_Task directions_. In this exercise, return the whole listing exactly, excluding any images.

_Information supplied_.
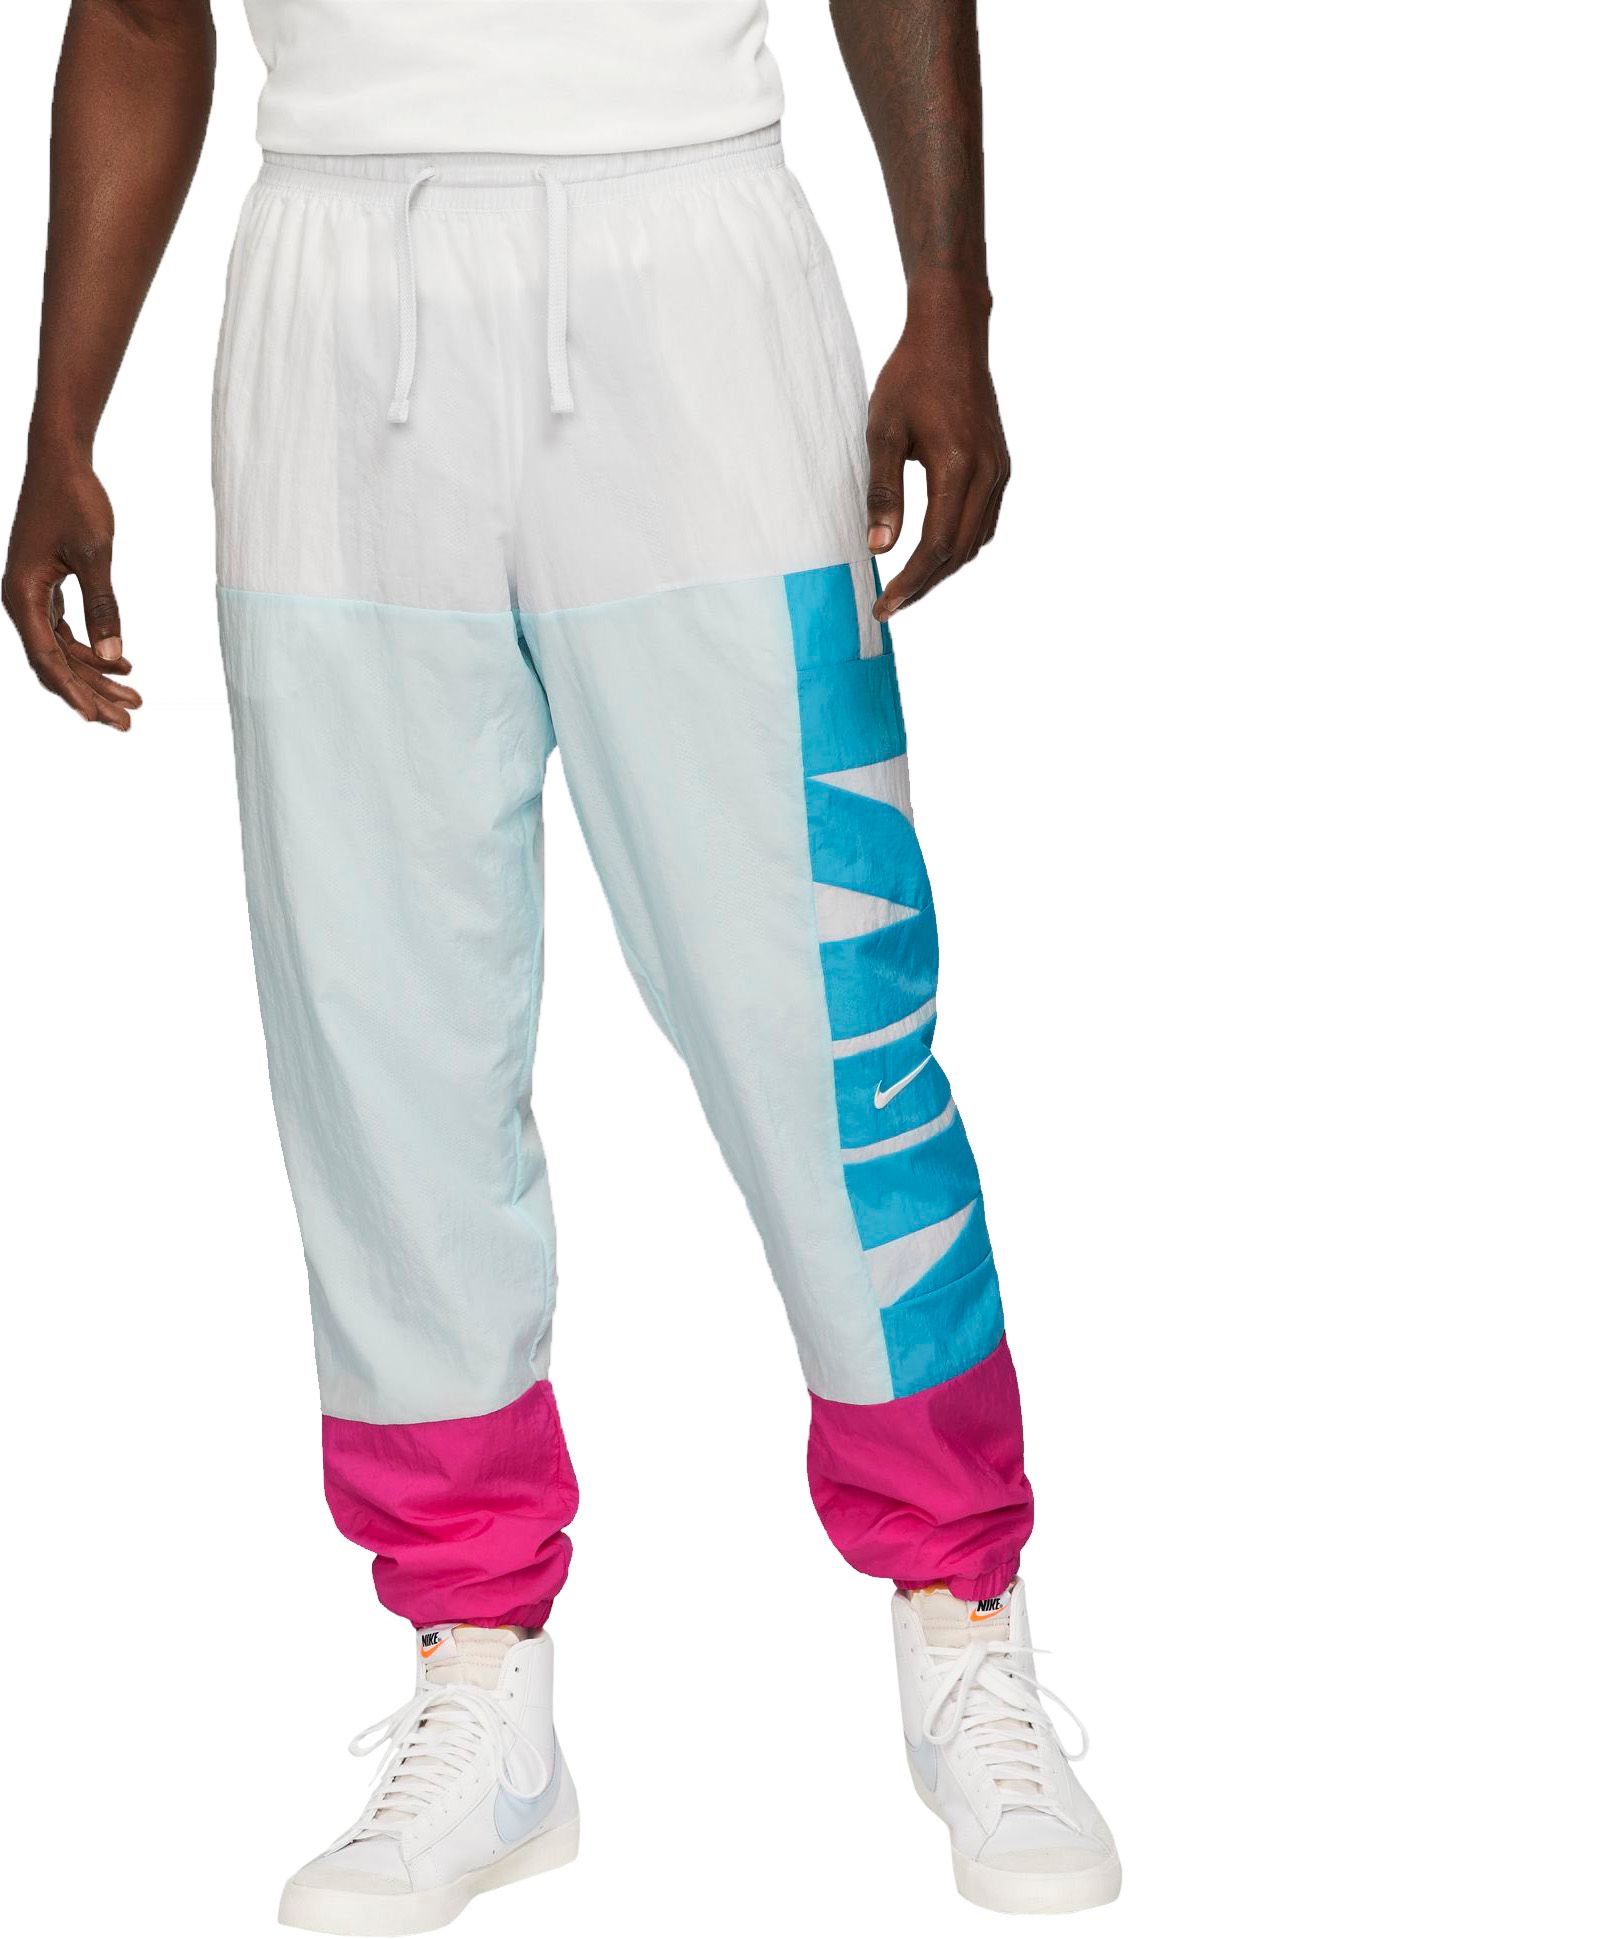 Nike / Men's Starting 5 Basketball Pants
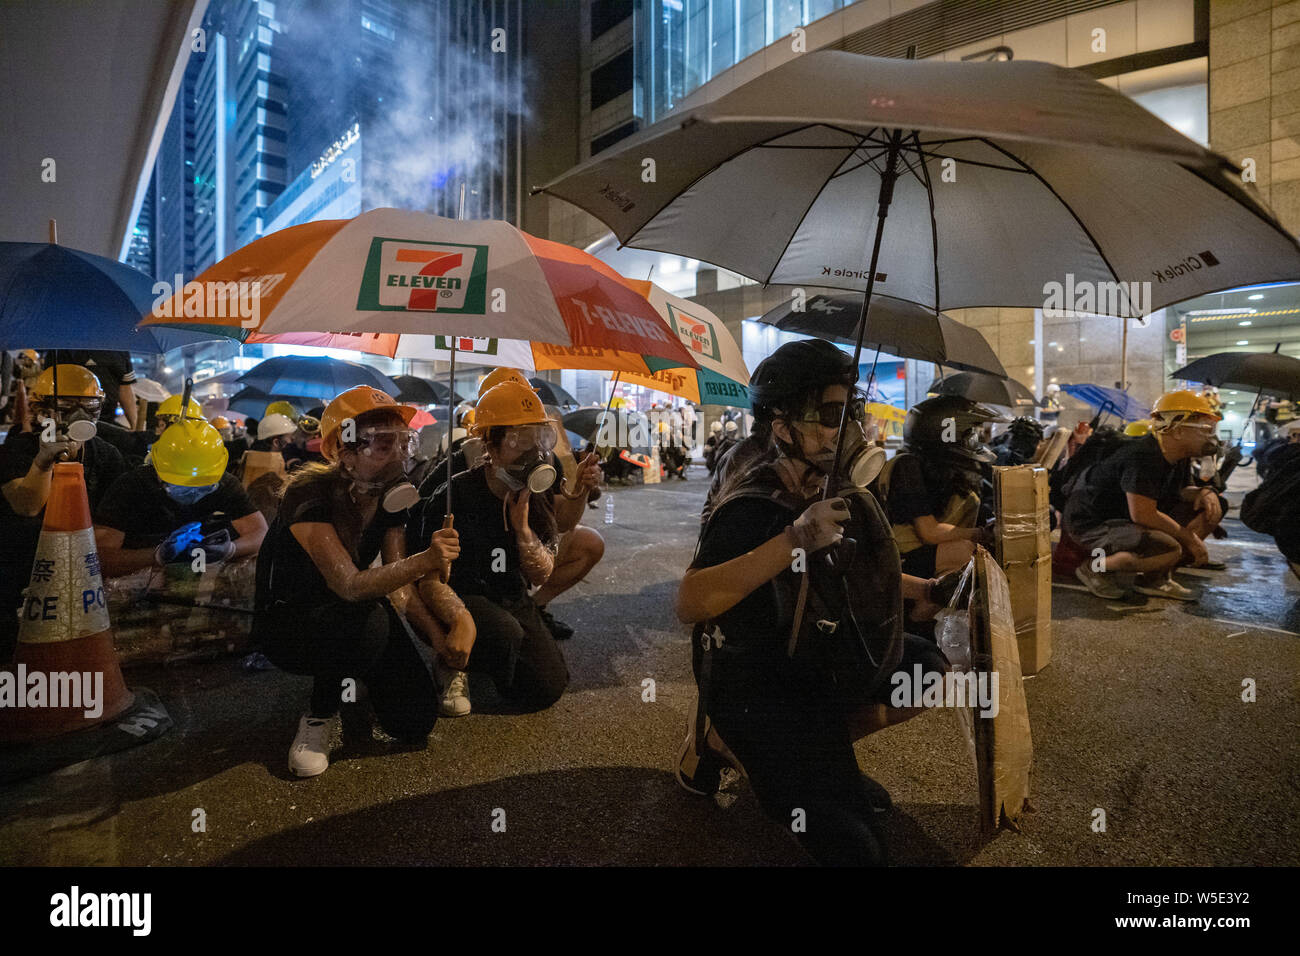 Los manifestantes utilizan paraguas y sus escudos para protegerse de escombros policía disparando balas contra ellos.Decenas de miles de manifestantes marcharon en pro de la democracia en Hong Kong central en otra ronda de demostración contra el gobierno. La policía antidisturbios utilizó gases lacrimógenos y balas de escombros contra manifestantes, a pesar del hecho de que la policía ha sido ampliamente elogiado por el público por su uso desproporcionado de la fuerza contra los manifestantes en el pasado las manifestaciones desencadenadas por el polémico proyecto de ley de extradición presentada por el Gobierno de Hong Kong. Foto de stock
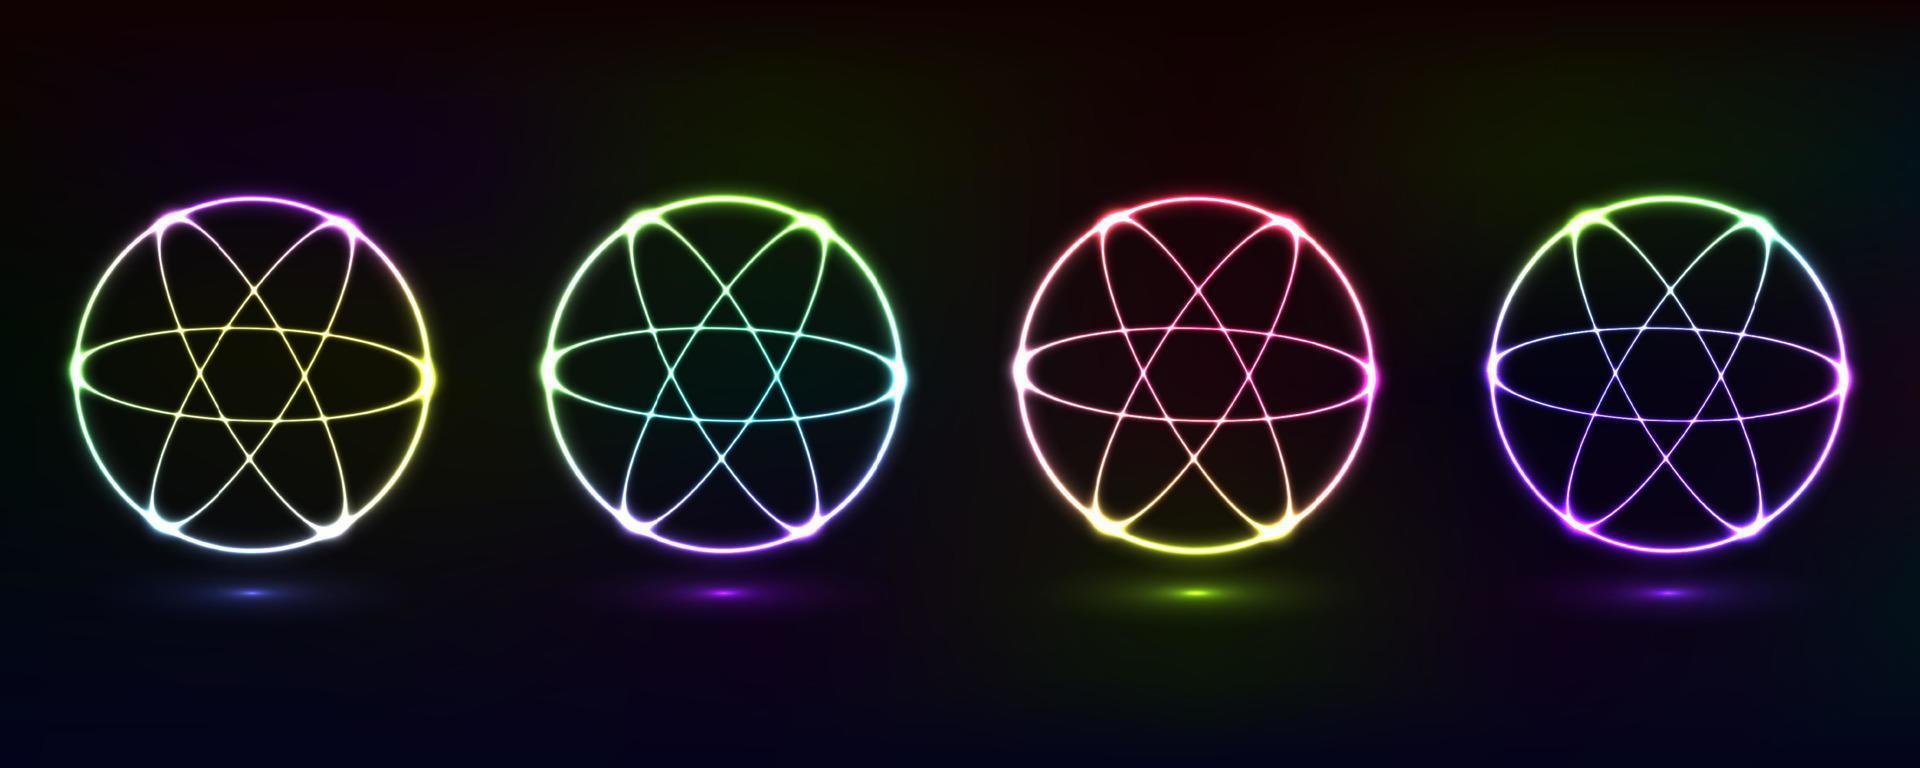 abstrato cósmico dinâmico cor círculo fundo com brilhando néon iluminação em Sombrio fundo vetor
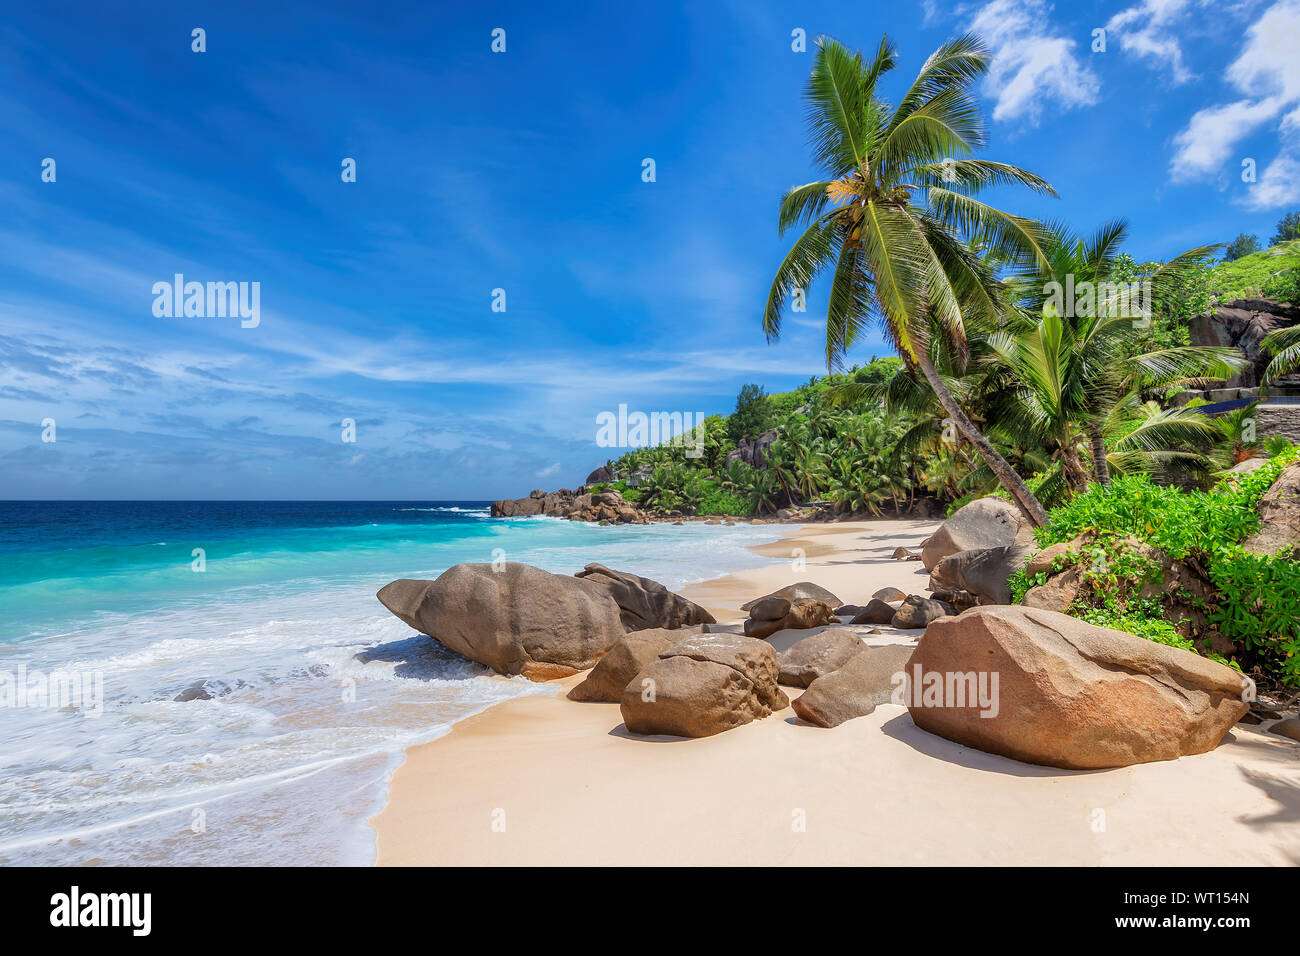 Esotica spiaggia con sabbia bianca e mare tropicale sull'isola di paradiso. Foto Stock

_Exercise answer_.
 Nike / Men's Starting 5 Basketball Pants
 Los manifestantes utilizan paraguas y sus escudos para protegerse de escombros policía disparando balas contra ellos.Decenas de miles de manifestantes marcharon en pro de la democracia en Hong Kong central en otra ronda de demostración contra el gobierno. La policía antidisturbios utilizó gases lacrimógenos y balas de escombros contra manifestantes, a pesar del hecho de que la policía ha sido ampliamente elogiado por el público por su uso desproporcionado de la fuerza contra los manifestantes en el pasado las manifestaciones desencadenadas por el polémico proyecto de ley de extradición presentada por el Gobierno de Hong Kong. Foto de stock
 abstrato cósmico dinâmico cor círculo fundo com brilhando néon iluminação em Sombrio fundo vetor
 Esotica spiaggia con sabbia bianca e mare tropicale sull'isola di paradiso. Foto Stock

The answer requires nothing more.